The Mills Archive has a collection ‘The Hallam Ashley Photograph Collection’ that can be viewed online. The mill photographs were donated to the Society for the Protection of Ancient Buildings by his daughter in 1998 and transferred to The Mills Archive in 2004. The Science Museum, London also holds mill photographs taken by Ashley.

In 1964, Hallam Ashley undertook a photographic study of the medieval wooden figures of the renowned ‘angel roof’ commissioned by St. Mary's Church in Bury St. Edmunds, Suffolk to mark the marriage of Henry VI and Margaret of Anjou. He took over 500 shots and, as well as being in the Historic England archive, some of these images are held in the Conway Library, whose archive of primarily architectural photographs is in the process of being digitised as part of the wider Courtauld Connects project.

== Personal life ==
Ashley's first wife May died in childbirth shortly before the end of the war leaving 2 daughters, Kathleen (Kay) and Patricia, who both now live in Northern Ireland. In 1952, he married fellow photographer, Dorothy Baines.

Hallam Ashley died in Norwich on 24 October 1987.

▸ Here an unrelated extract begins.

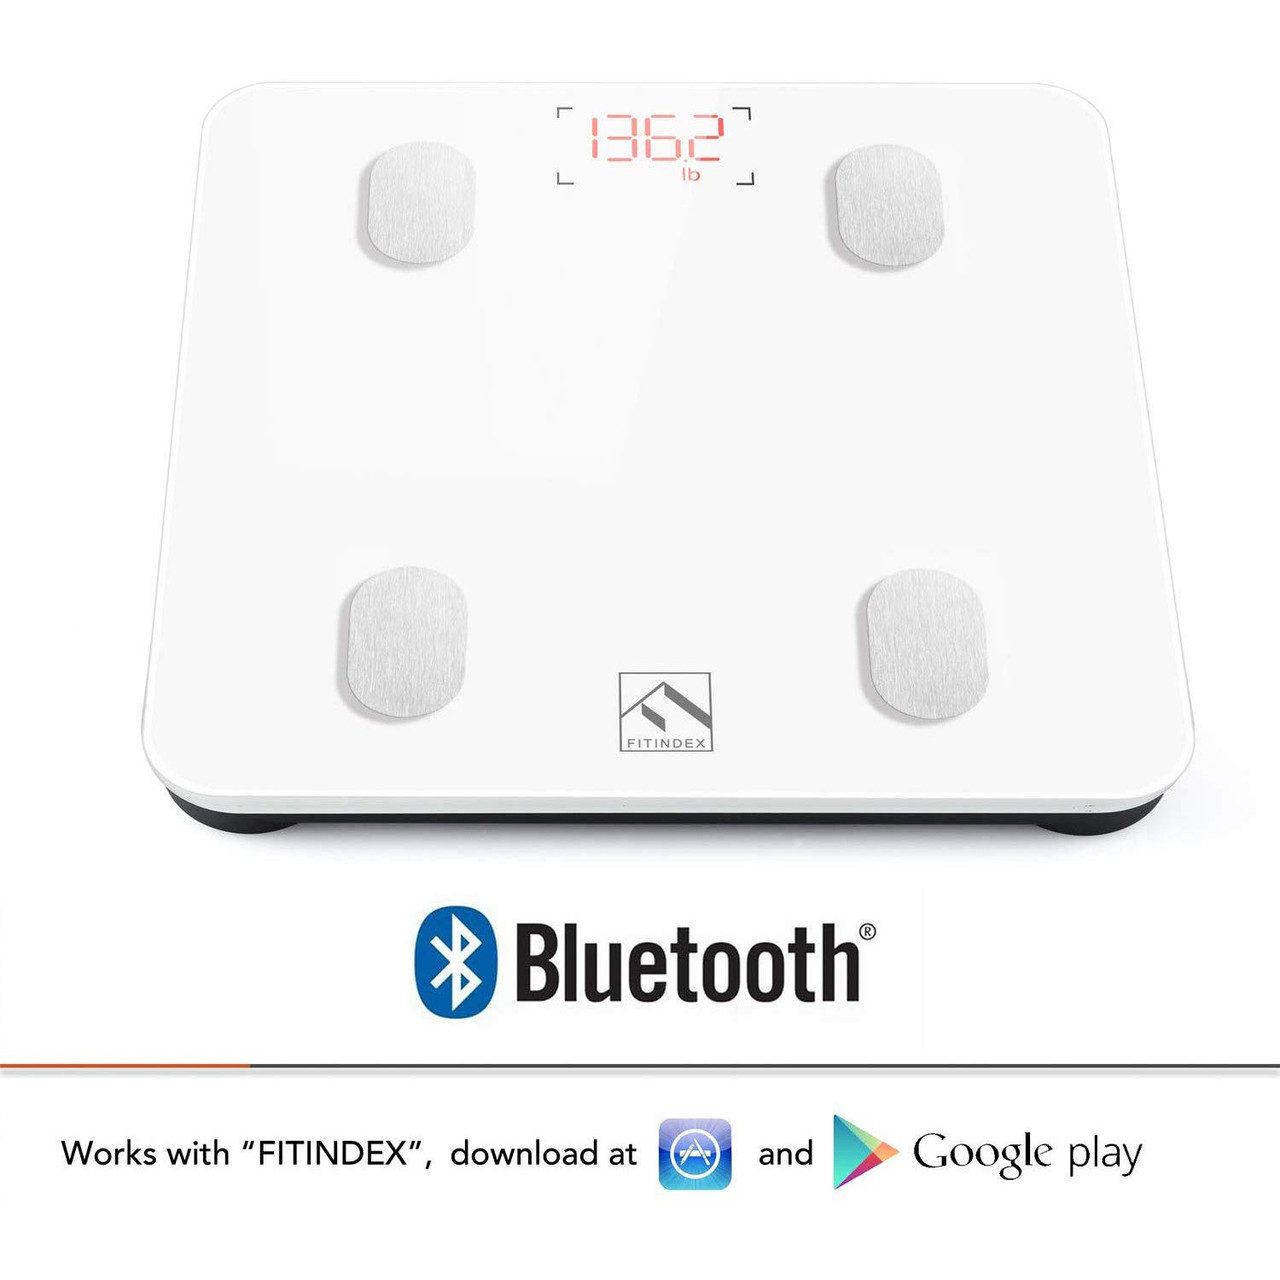 FitIndex Scale - Smart Bluetooth Body Fat Scale for Bathroom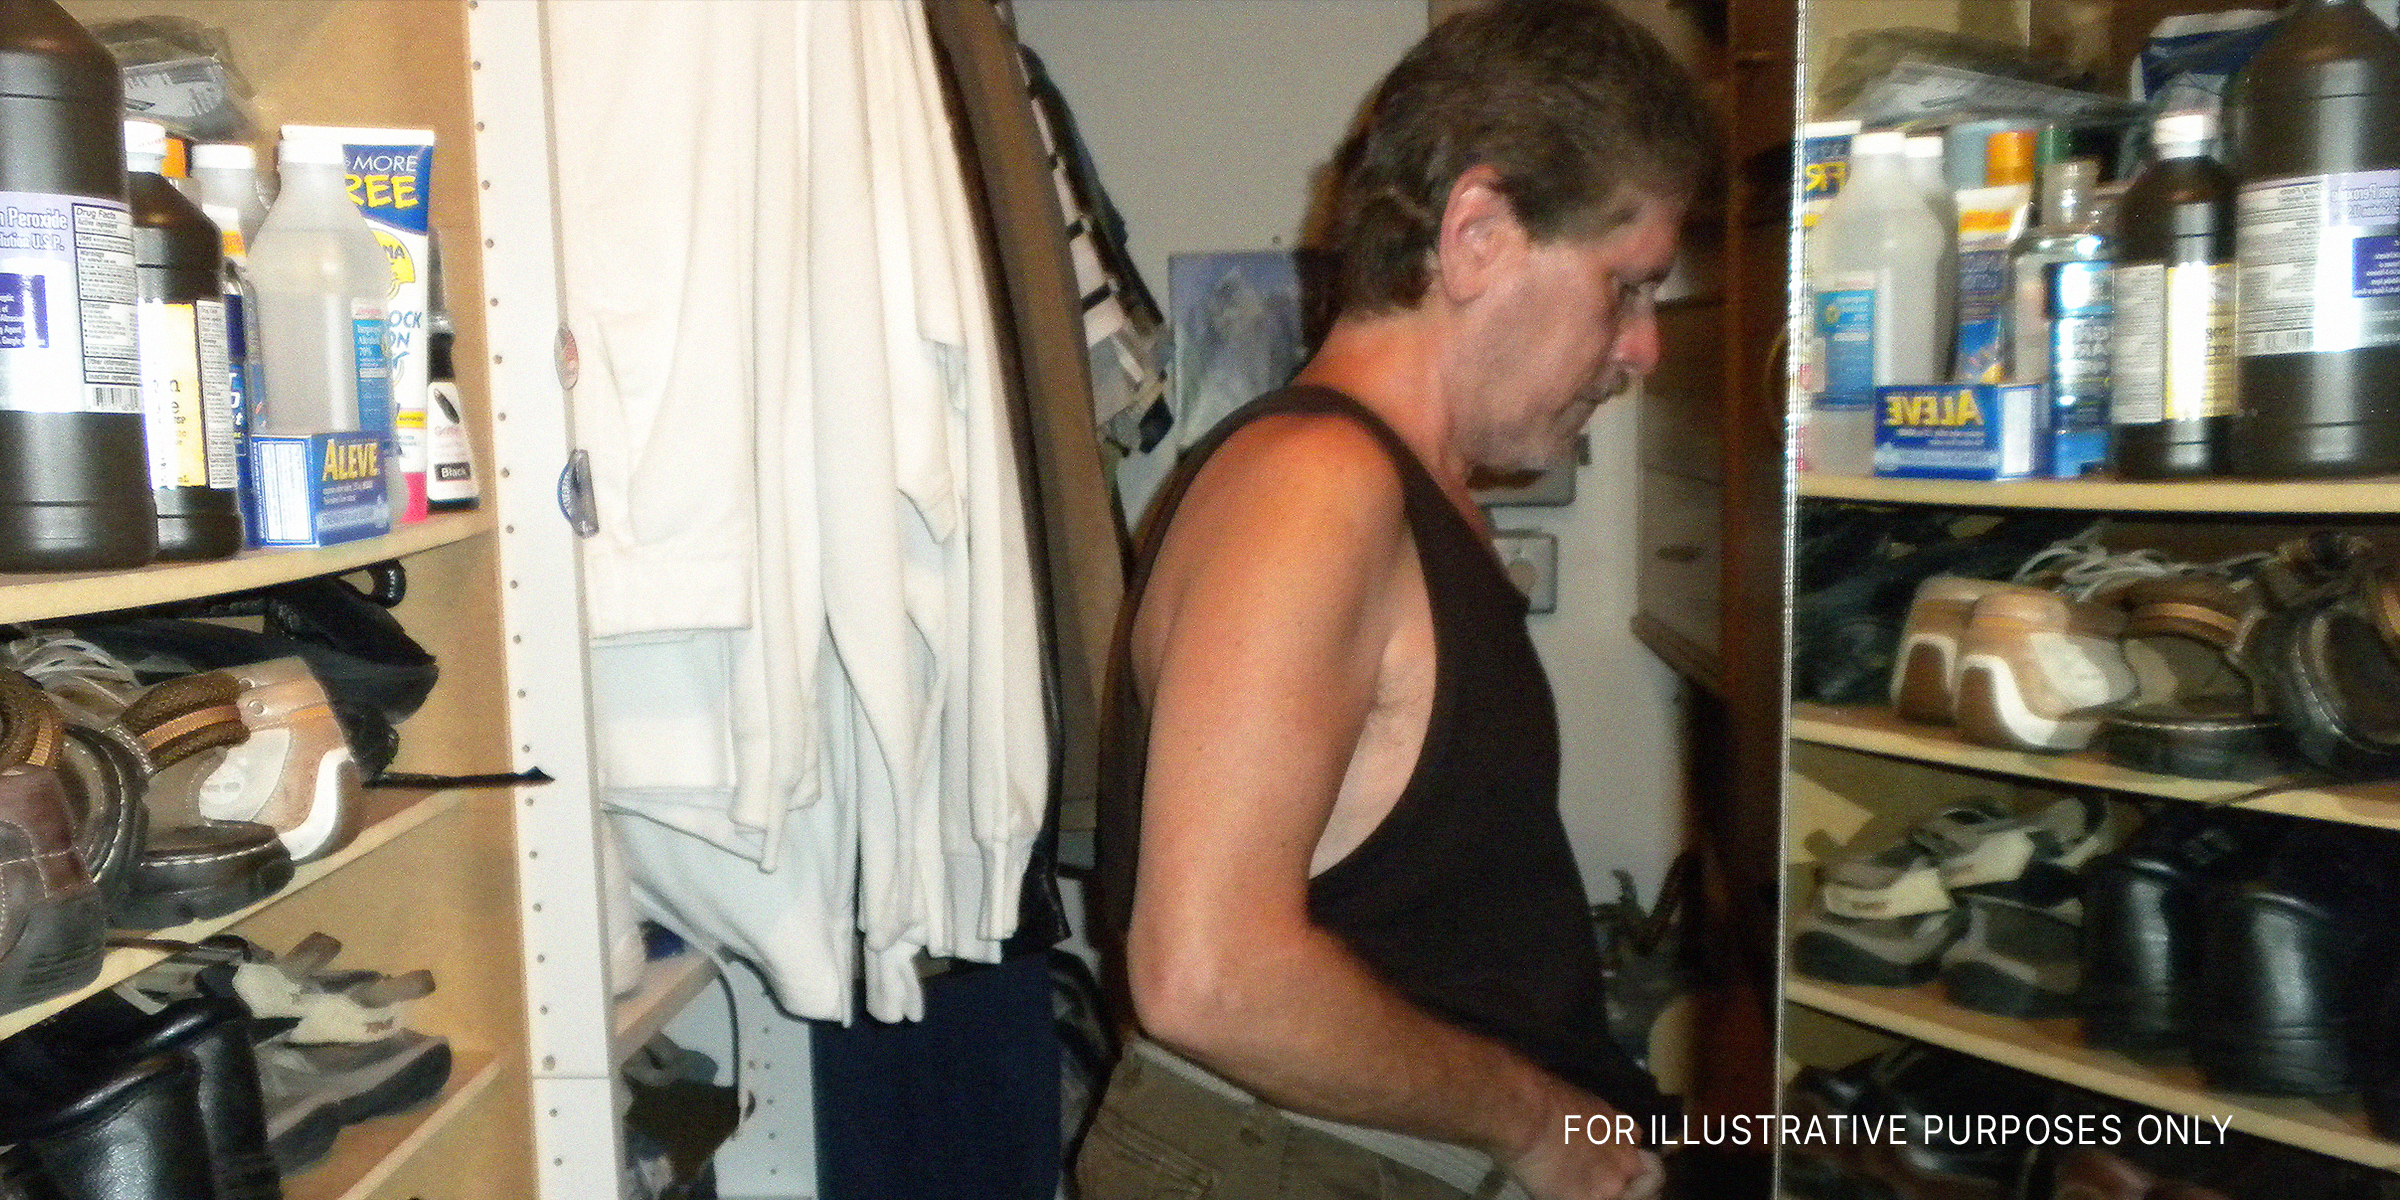 A man dressing in a closet | Source: Flickr

== Selected publications either by or including photographs by Hallam Ashley ==

- Beauty of Norfolk, Hallam Ashley, Norwich : Jarrold & Sons Ltd, 1952 (part of the Magna-Crome series)
- ‘The Camera in Ireland’ by Hallam Ashley in The British Journal Photographic Almanac and Photographer's Daily Companion, 1947
- Medieval England: A Social History and Archaeology from the Conquest to 1600 AD, Colin Platt, Routledge, 2003
- Martello Towers, Sheila Sutcliffe, Fairleigh Dickinson University Press, 1973
- Gothic England, Sacheverell Sitwell, Weidenfeld & Nicolson, 1969
- The Buildings of England: Northeast Norfolk and Norwich, Nikolaus Pevsner, Penguin Books, 1962
- The Buildings of England: Northwest and South Norfolk, Nikolaus Pevsner, Penguin Books, 1962
- The Cathedrals of England, Volume 10, Harry Batsford, Charles Fry, Bryan Little, Batsford, 1960.